LPL: Consumers Open Up Their Wallets
November 15, 2019
U.S. consumers continue to open up their wallets, according to the October retail sales report.
Retail sales rose 0.3% last month, the measure’s seventh gain in eight months. Retail sales’ rise was led by a 1.1% gain in gasoline store sales and a 0.9% increase in sales at “non-store retailers.” Furniture and clothing sales dropped the most of all categories. Control group sales, which we view as a cleaner measure of retail sales’ contribution to gross domestic product (GDP), rose 0.3%.
Data on consumer activity is especially important to watch these days. Consumer spending has powered the U.S. economy this year as companies have curbed investments while waiting for trade and geopolitical uncertainty to fade. As shown in the LPL Chart of the Day, consumer spending has largely propelled GDP over the past two quarters, countering business spending’s noticeable drag on growth.

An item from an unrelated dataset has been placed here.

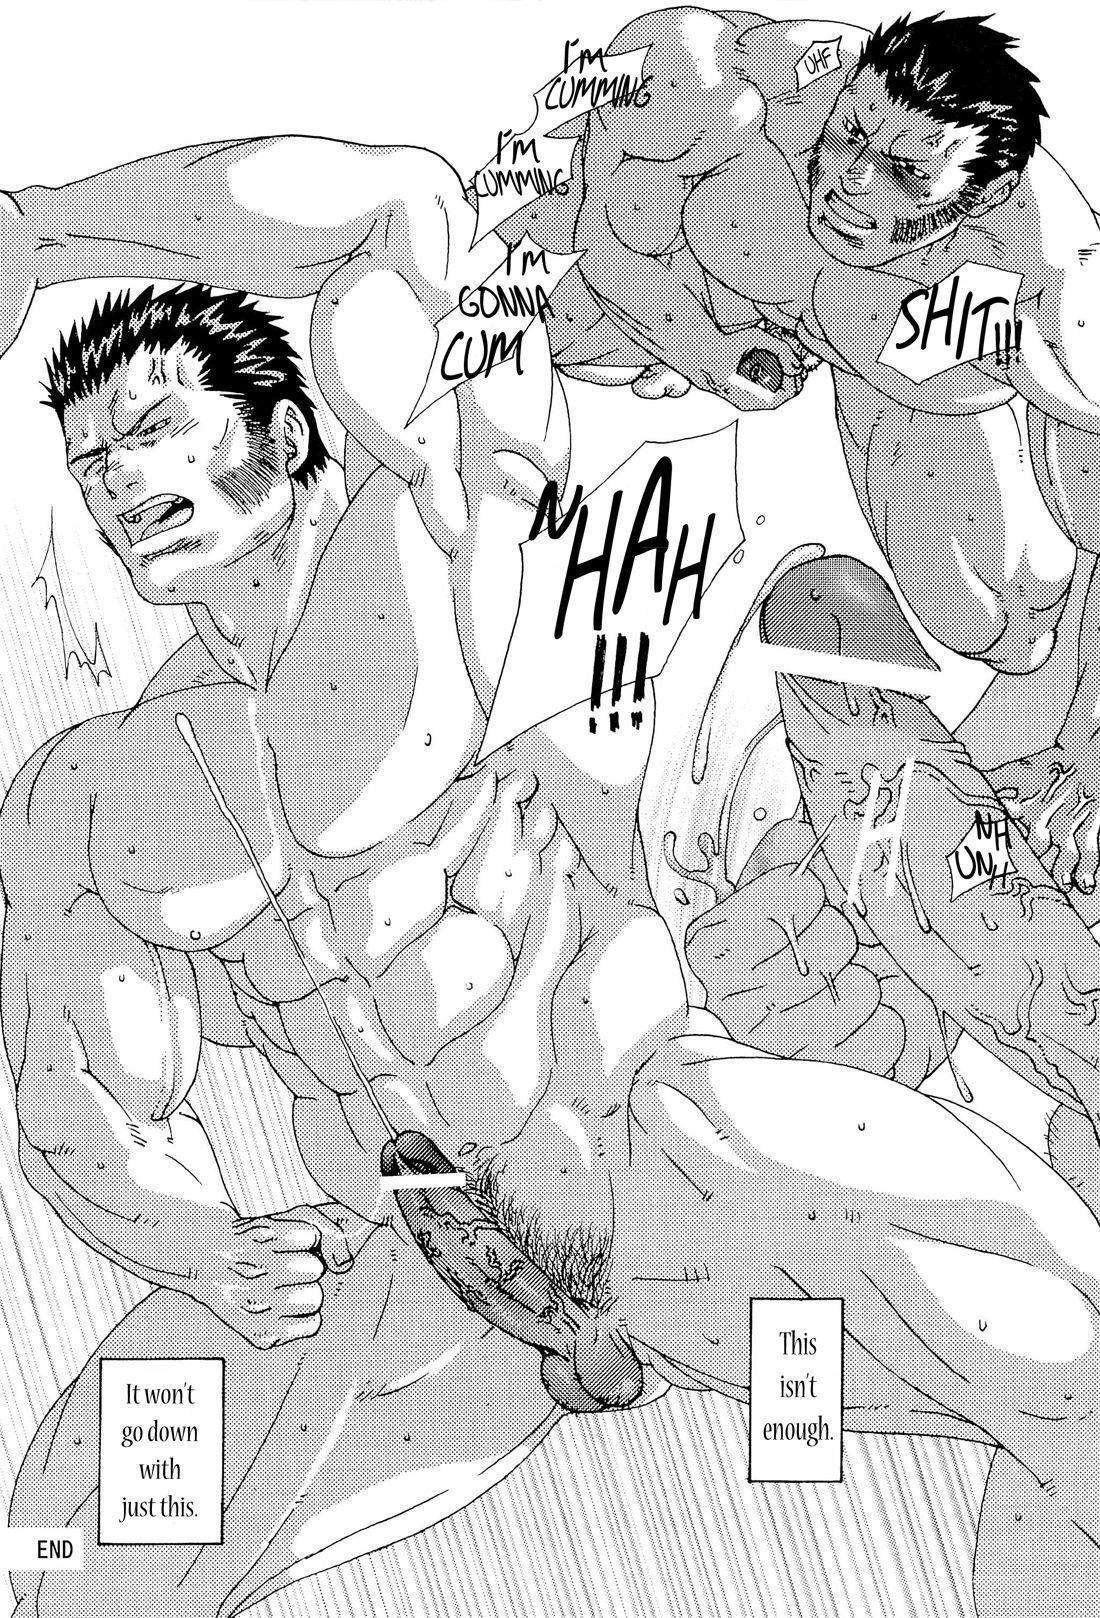 Peel the Foreskin 4

“U.S. consumer activity has been largely immune from global headwinds, even as other parts of the economy have succumbed to uncertainty,” said LPL Financial Senior Market Strategist Ryan Detrick. “To be fair, consumers have several reasons to be optimistic. Employment is the primary driver of consumer health, and the U.S. labor market has been resilient.”
There are risks to the consumer outlook emerging, though. Signs have emerged that U.S. consumers are becoming more nervous, and October’s retail sales report showed that spending fell for certain items. Still, we see enough evidence to think the consumer will continue to anchor this record 10-year expansion.